YOUR GOAL: The required output is the lines from the one with "Hersteller: Link Kitchen" through the end of the data, repeated verbatim, with no pictures included.
··· DATA SEGMENT ···
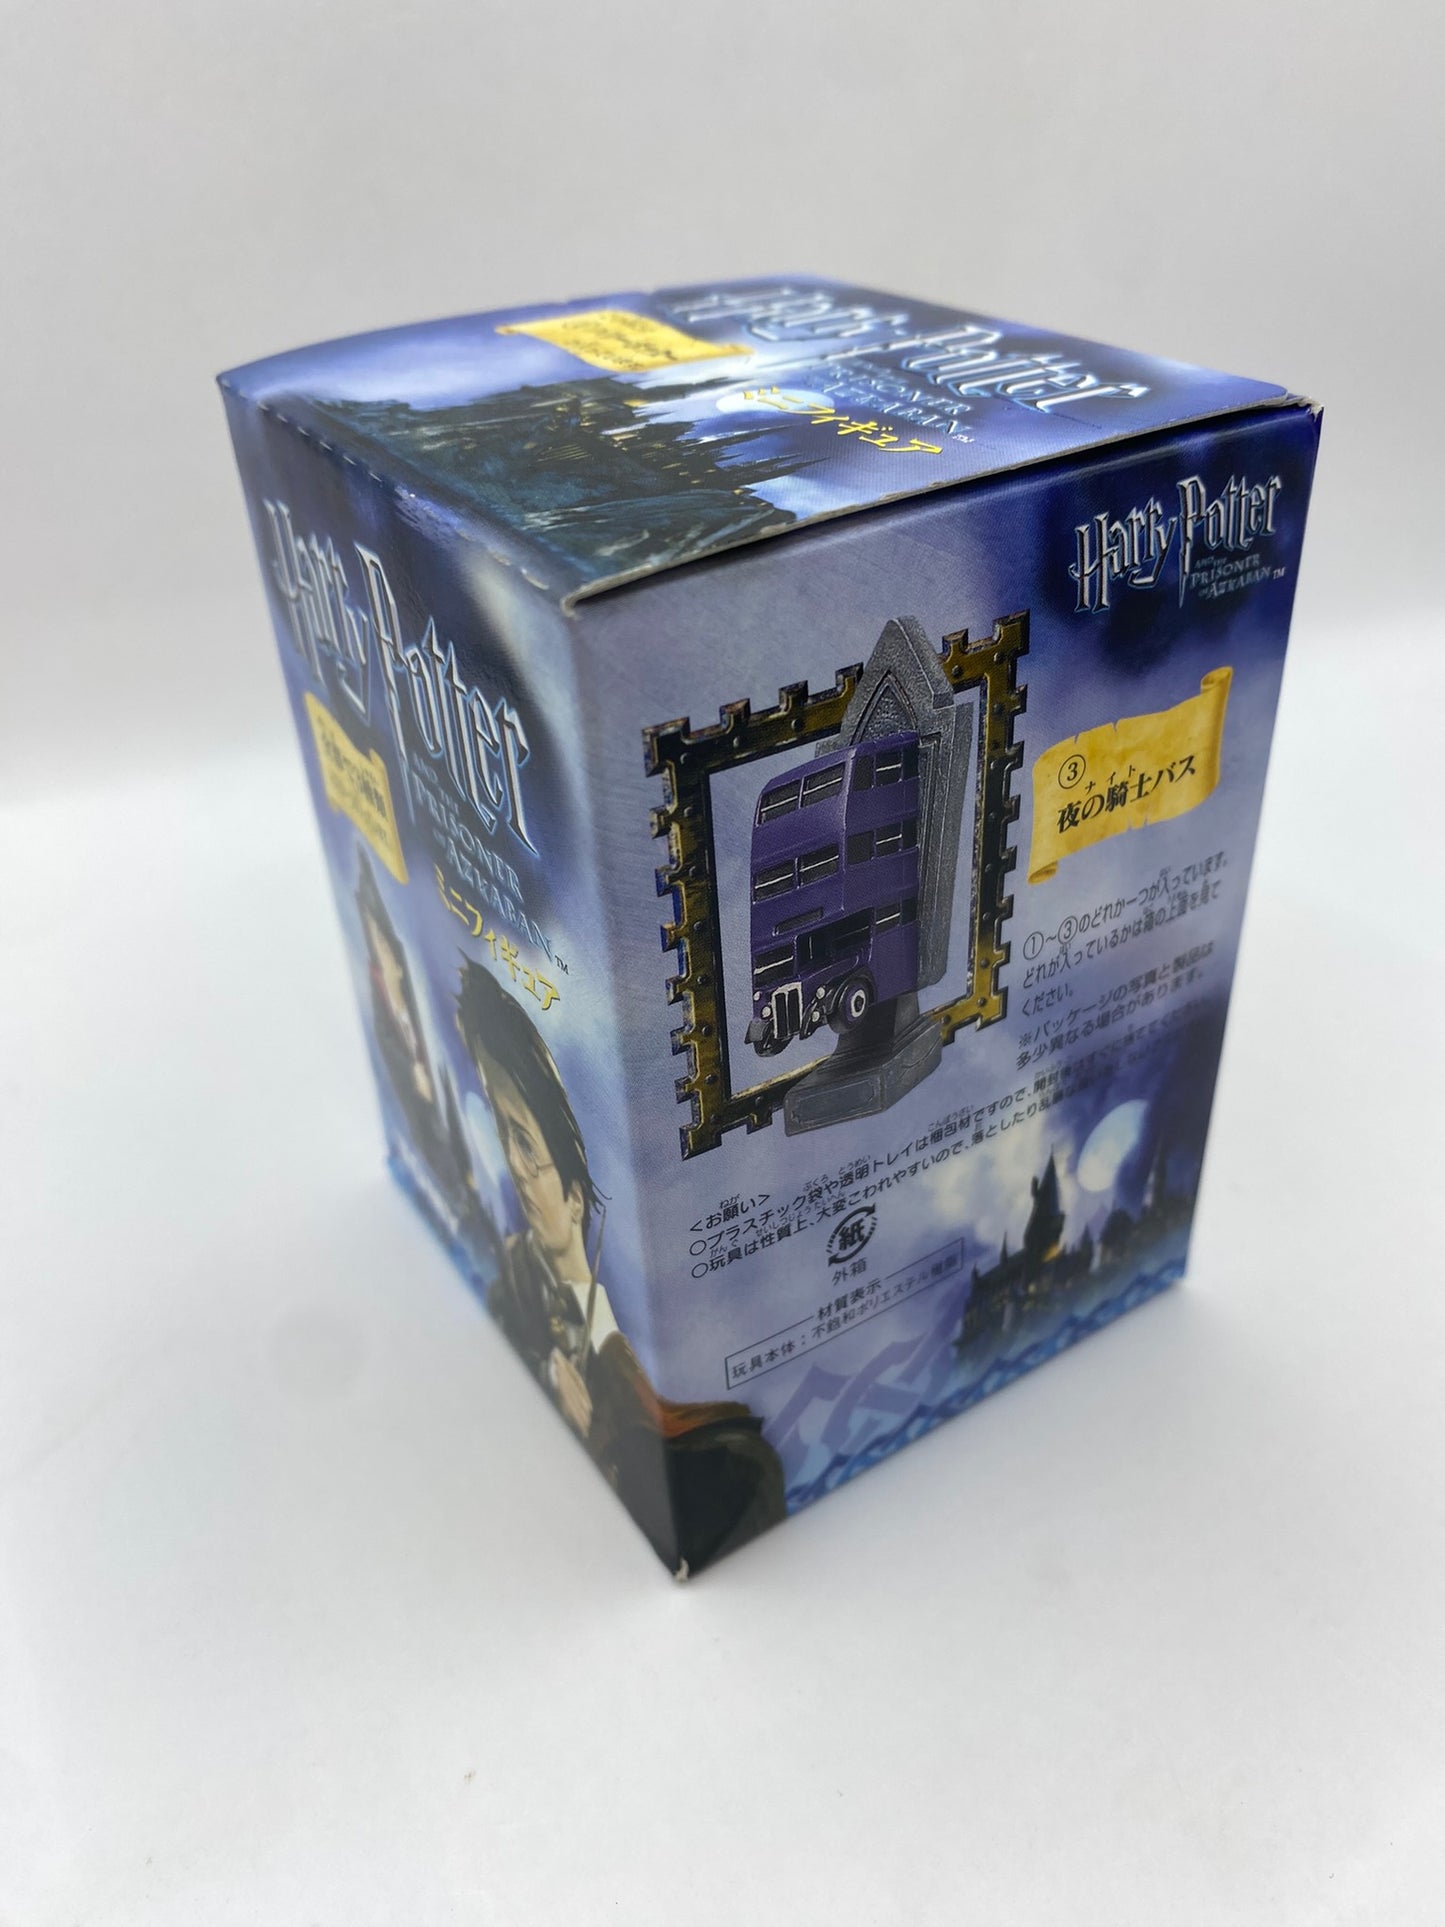 Harry Potter & The Prisoner of Azkaban Tomy Blind Box Figure Boxed 2005 Japan
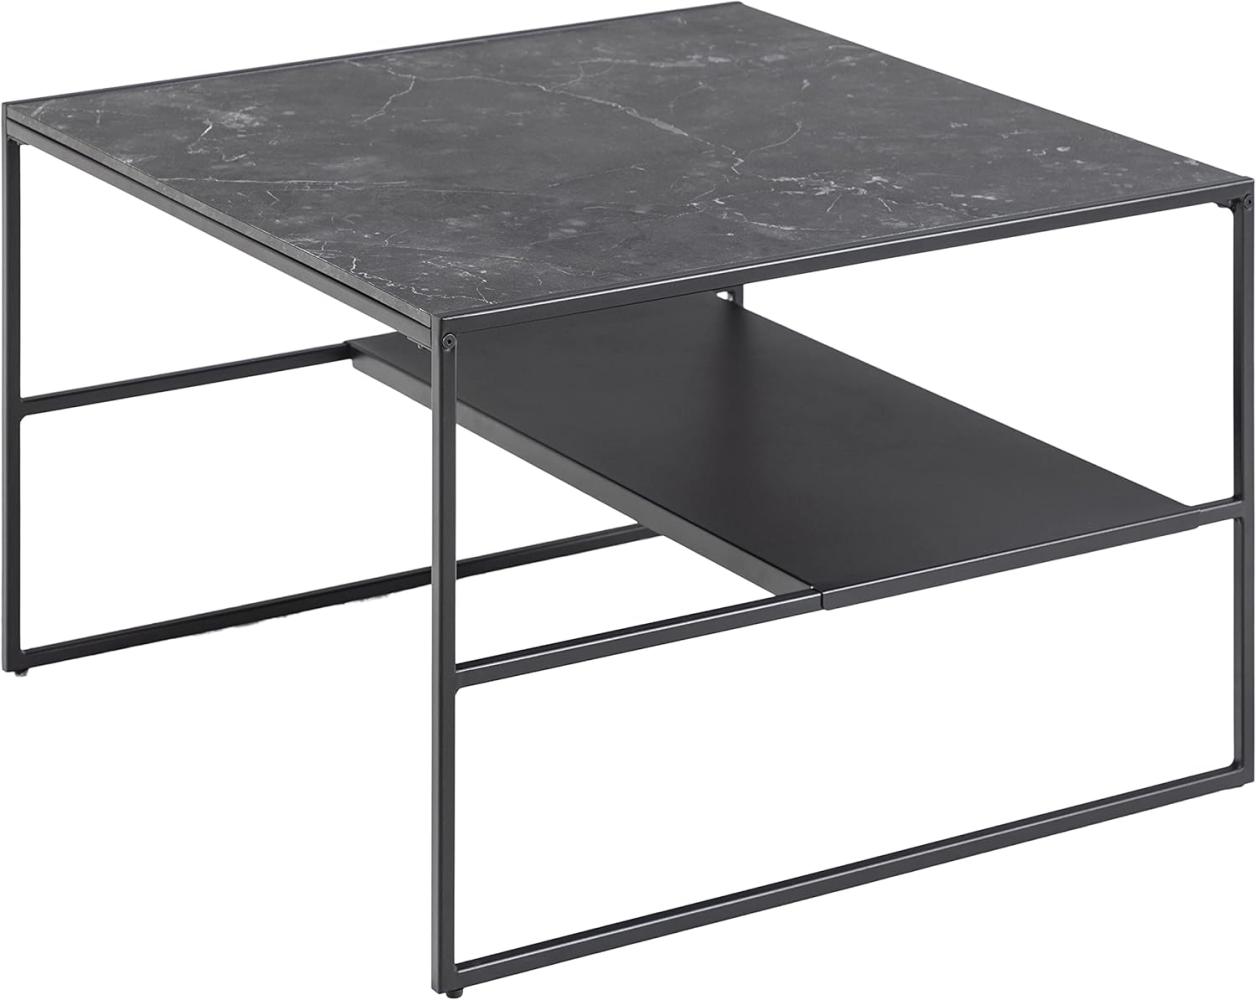 Amazon-Marke: Movian Couchtisch mit einer Ablage, marmorierte Tischplatte, schwarzes Metallgestell, 70. 1 x 44. 96 x 70. 1 cm, Quadratisch, Schwarz Bild 1
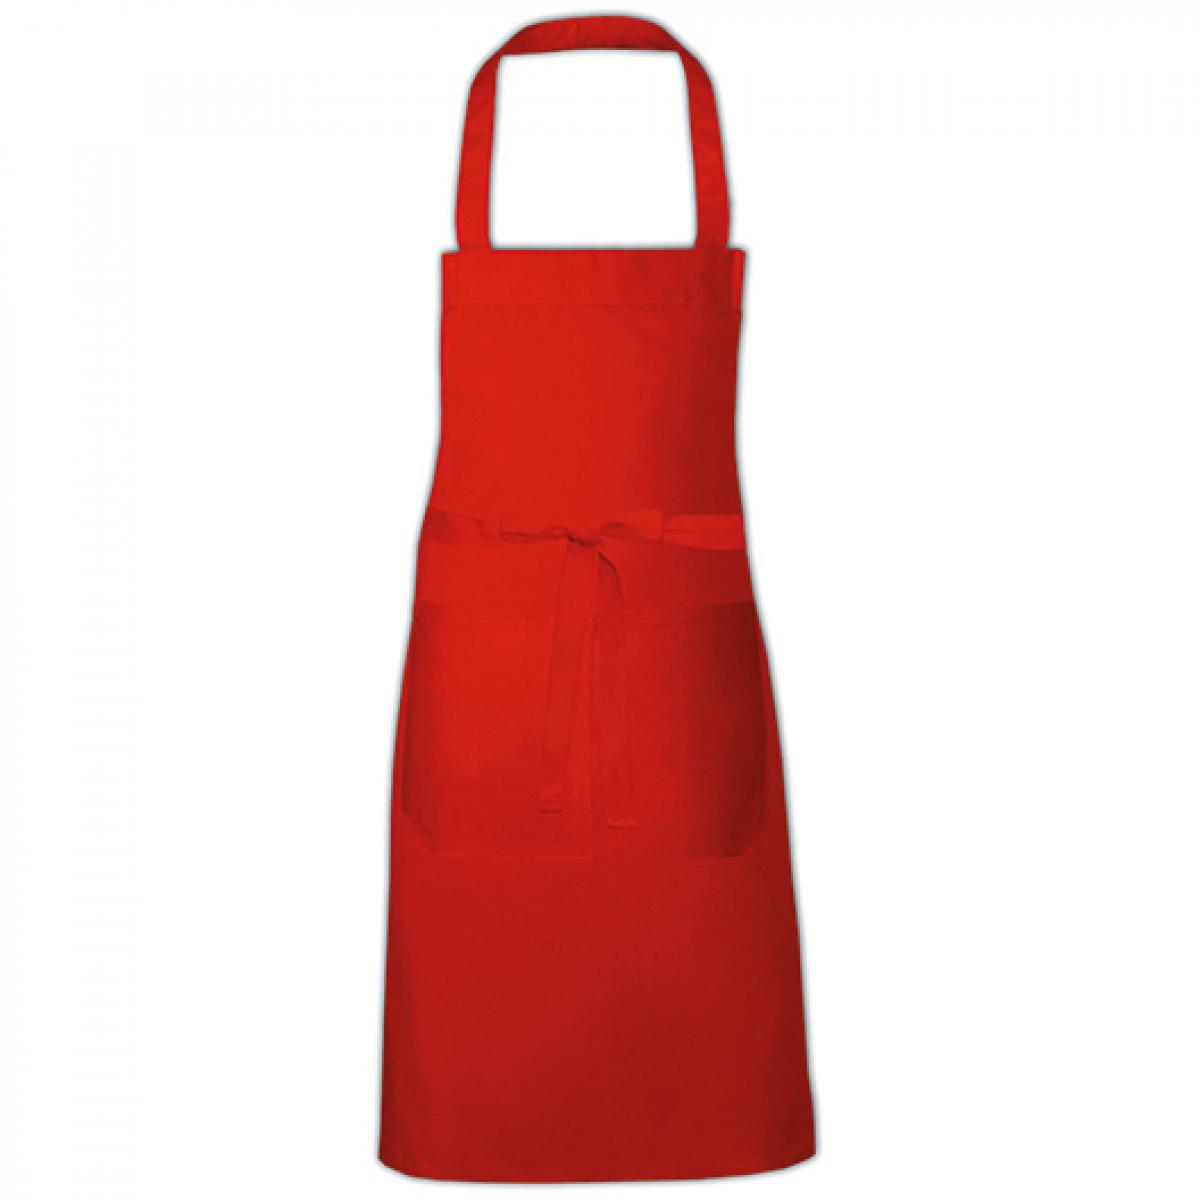 Hersteller: Link Kitchen Wear Herstellernummer: HS8073 Artikelbezeichnung: Hobby Apron - 73 x 80 cm - Waschbar bis 60 °C Farbe: Red
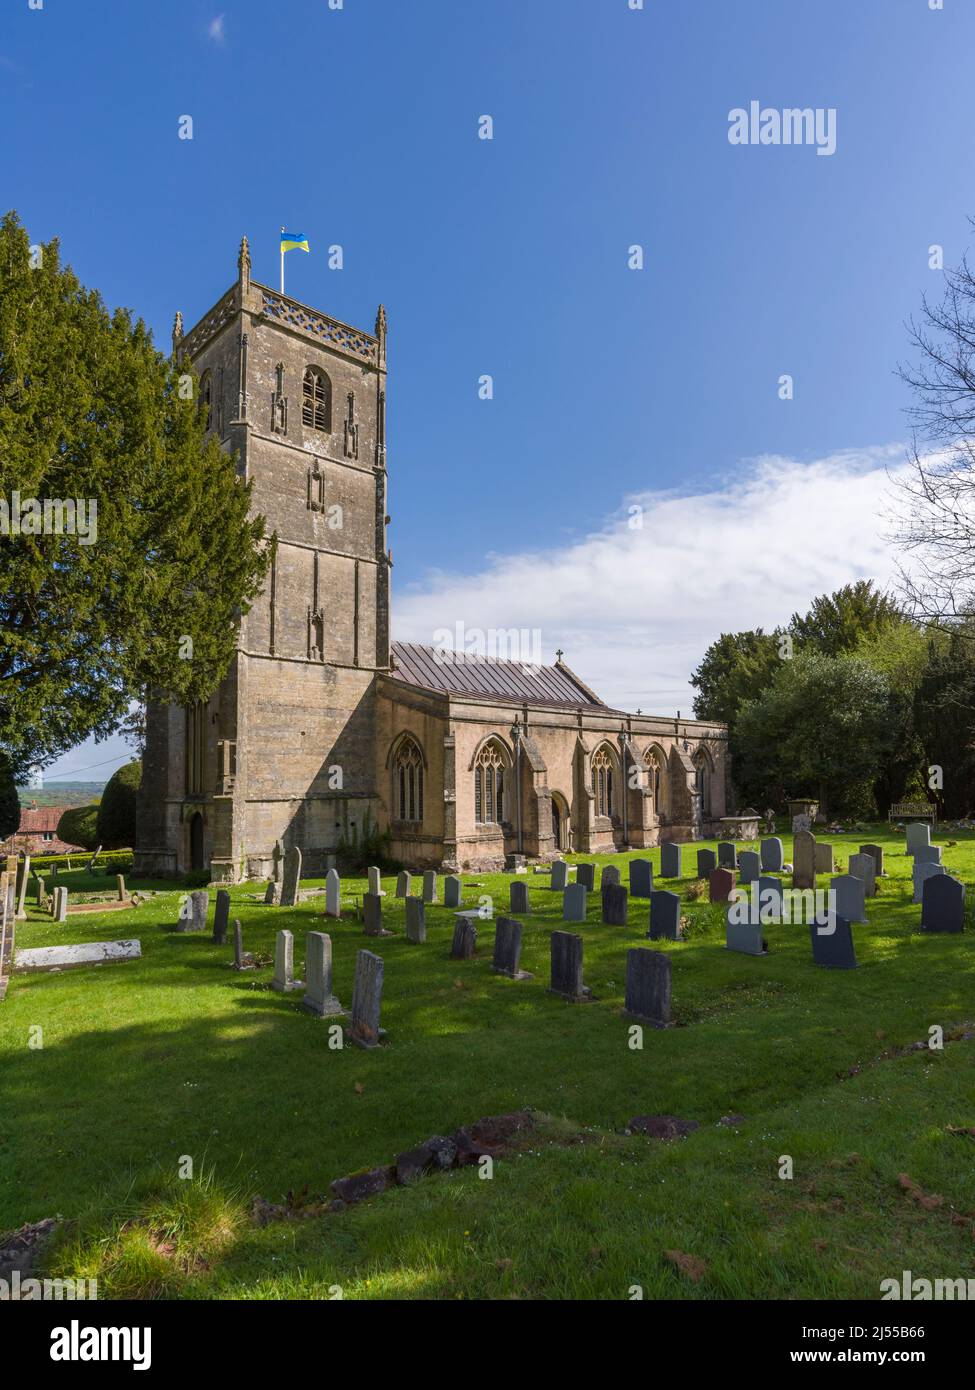 L'église normande de St Michael l'Archange à Compton Martin dans le paysage national de Mendip Hills, Somerset, Angleterre. Banque D'Images
···
EXPECTED ANSWER:
 Hersteller: Link Kitchen Wear Herstellernummer: HS8073 Artikelbezeichnung: Hobby Apron - 73 x 80 cm - Waschbar bis 60 °C Farbe: Red
 L'église normande de St Michael l'Archange à Compton Martin dans le paysage national de Mendip Hills, Somerset, Angleterre. Banque D'Images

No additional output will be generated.